[Goal of the exercise] Under this line are records; the part from the line containing "cbse class 10 syllabus recruitment result" through the line containing "Books are my Valentine Sweatshirt" should be repeated exactly. Please exclude pictures.

[Supplied records]

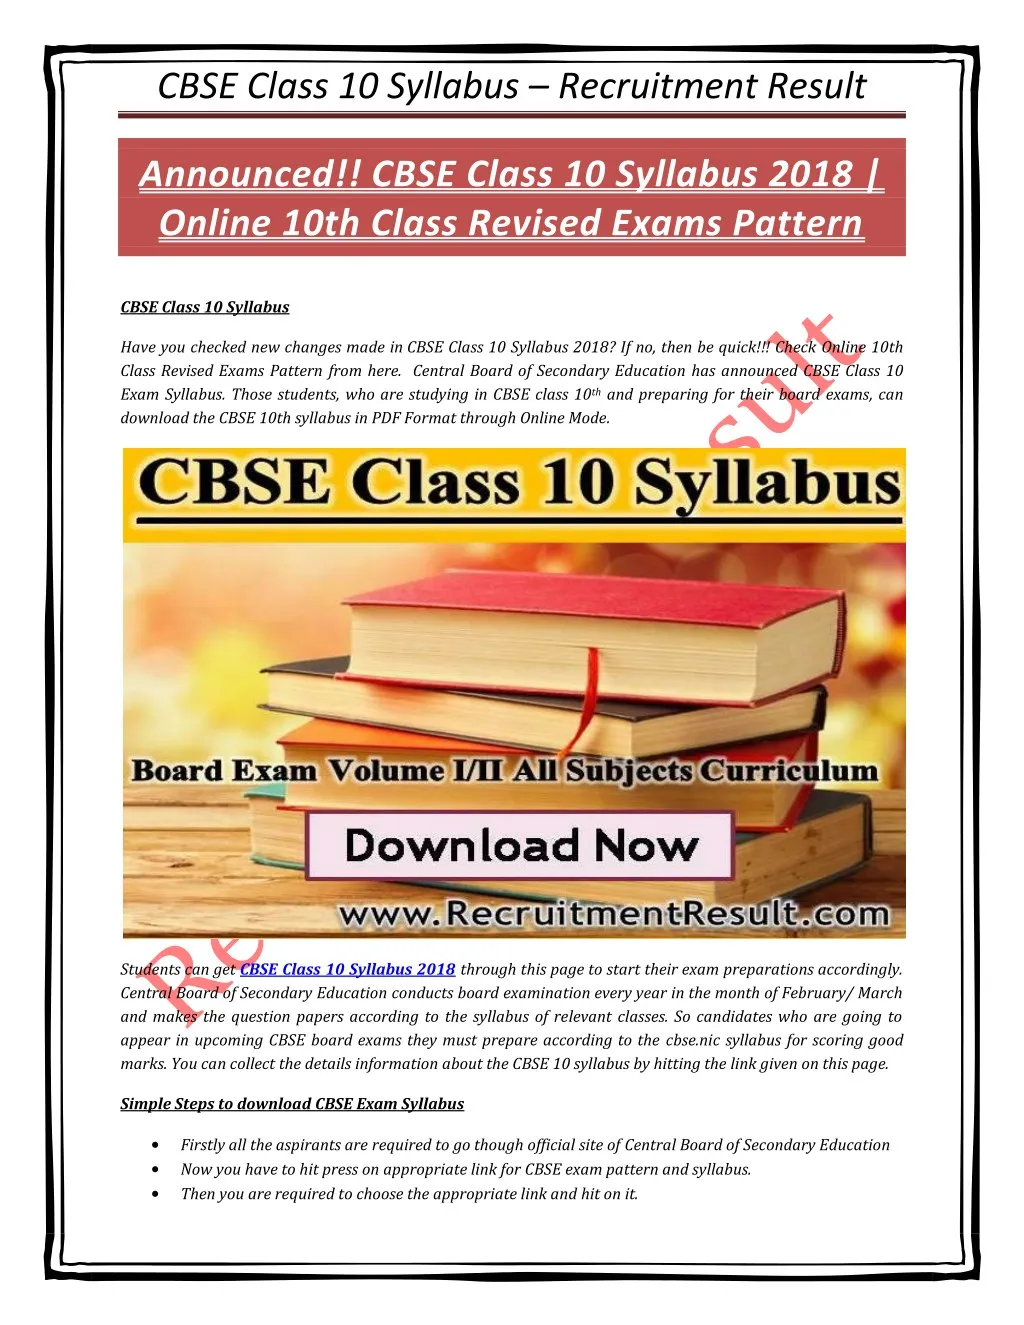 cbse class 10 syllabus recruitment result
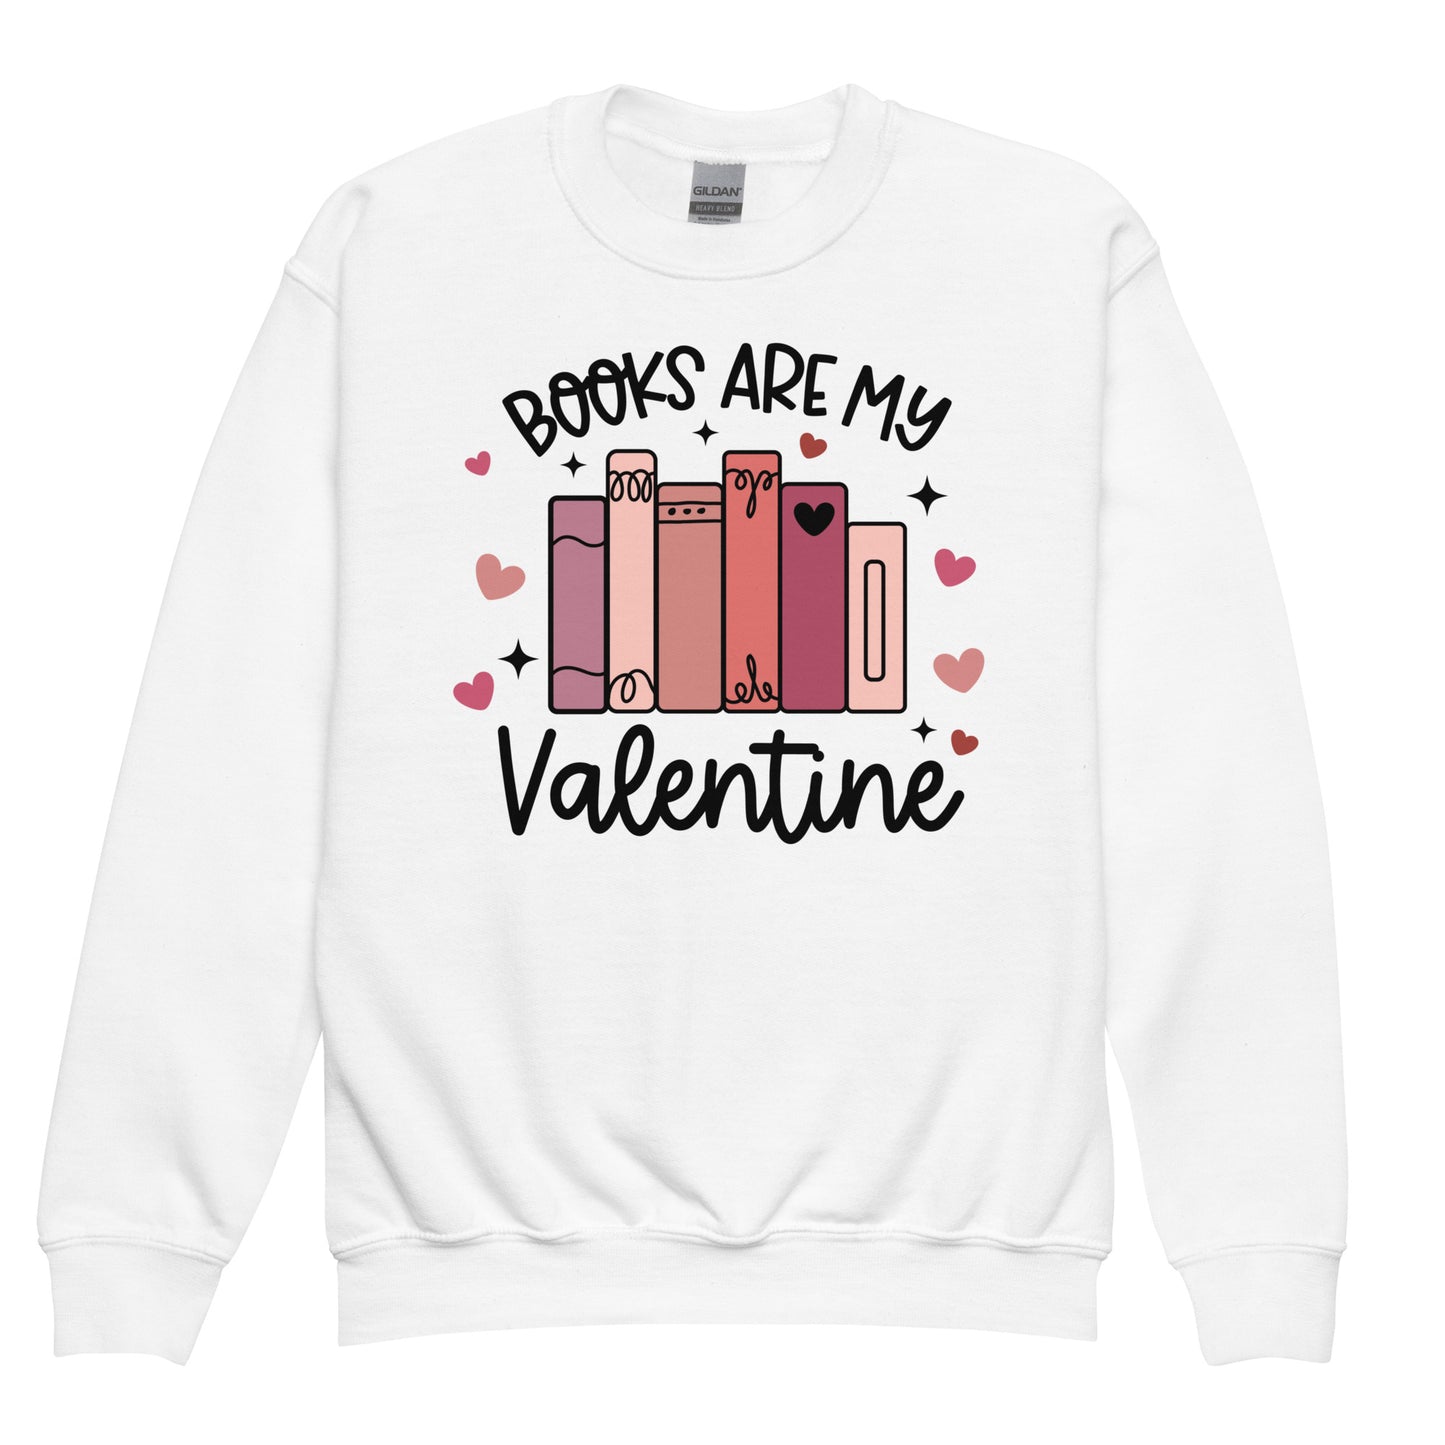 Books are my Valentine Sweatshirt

==

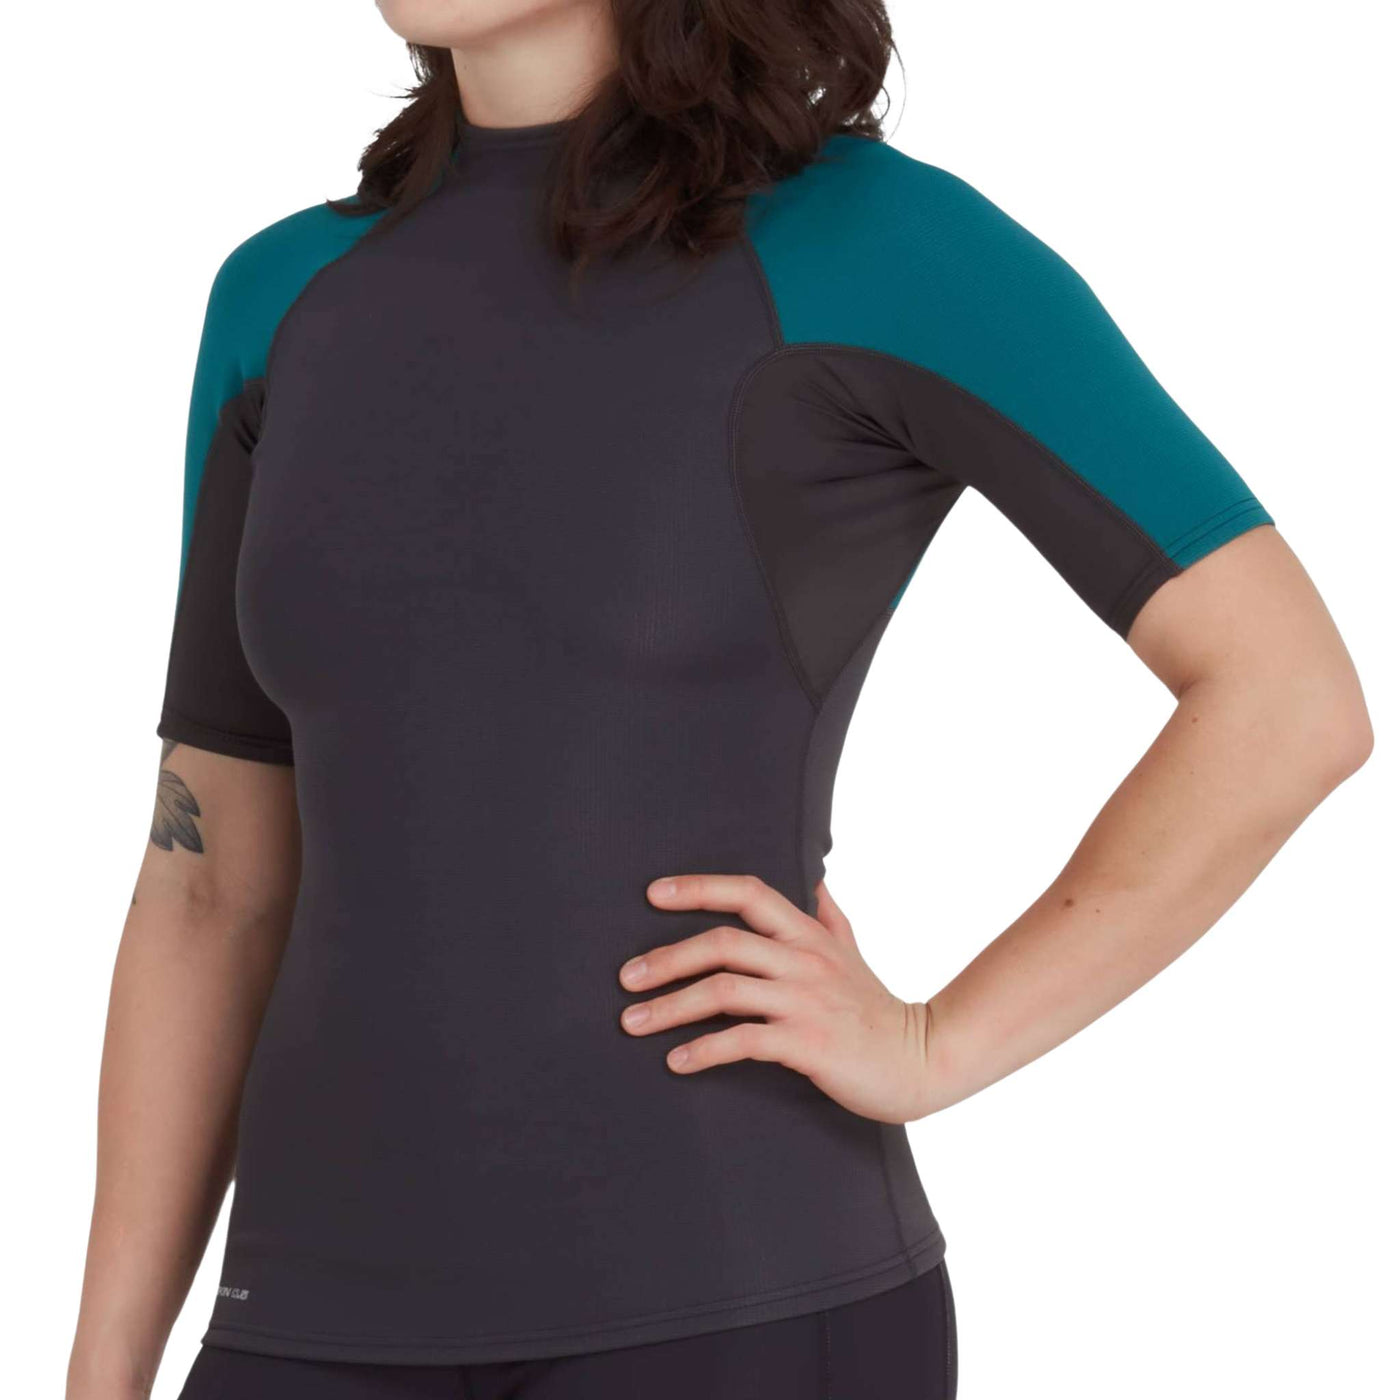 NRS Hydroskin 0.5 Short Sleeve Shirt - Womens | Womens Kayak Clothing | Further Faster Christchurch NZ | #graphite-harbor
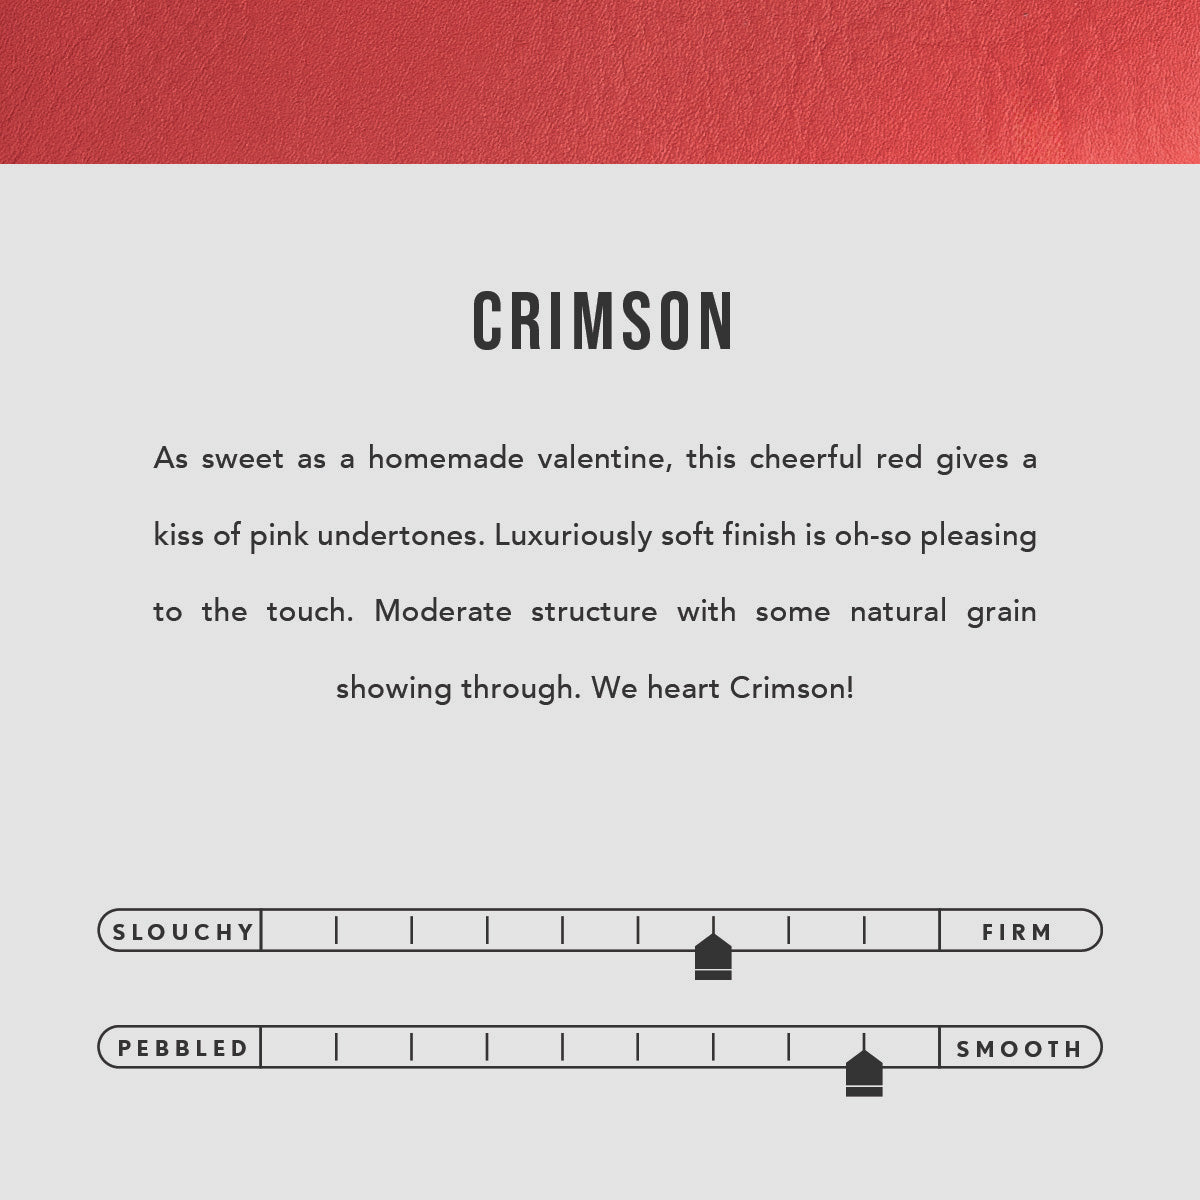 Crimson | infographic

---

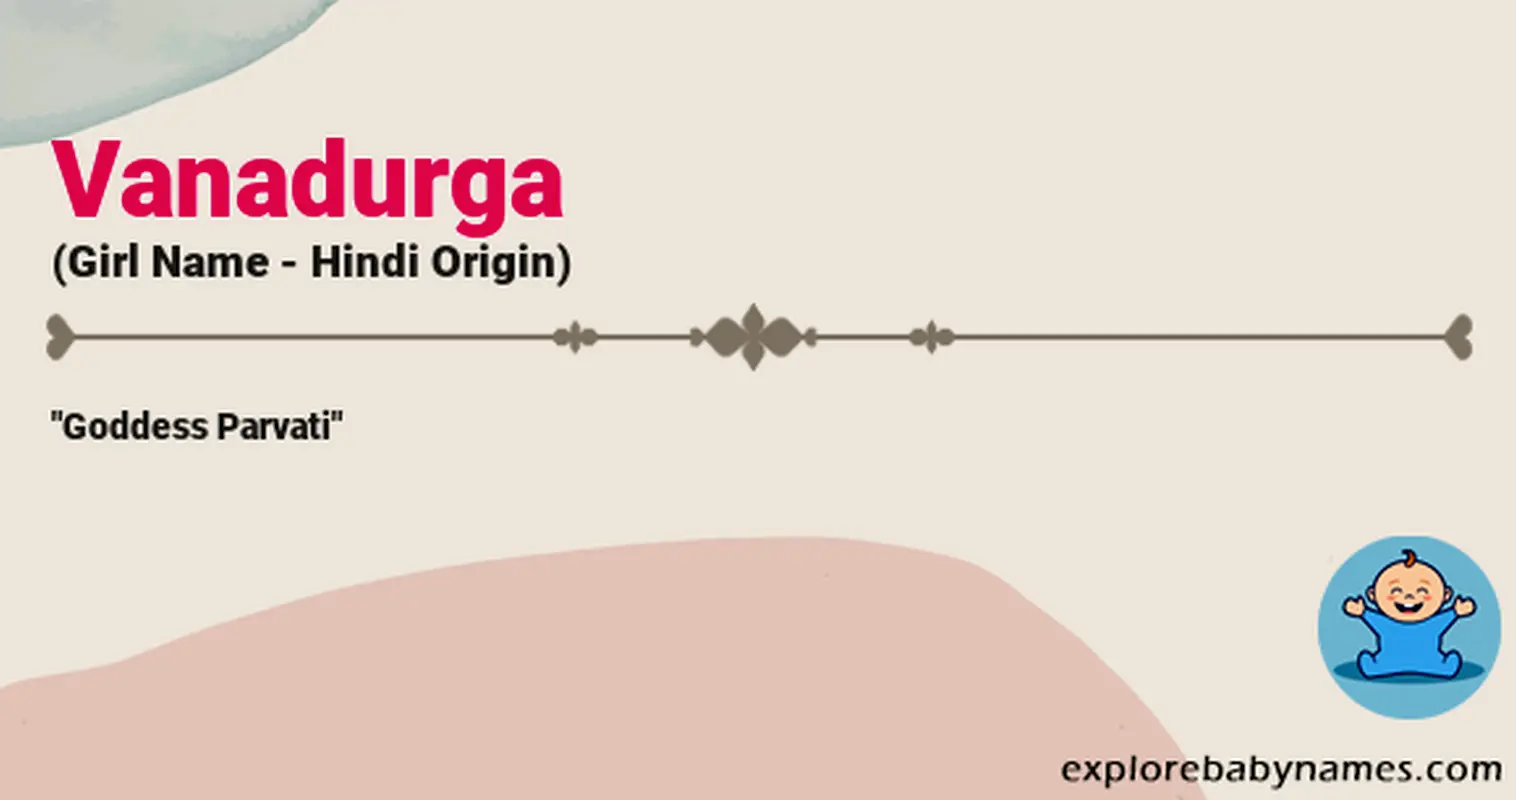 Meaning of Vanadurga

[Solution]
 cbse class 10 syllabus recruitment result
 Books are my Valentine Sweatshirt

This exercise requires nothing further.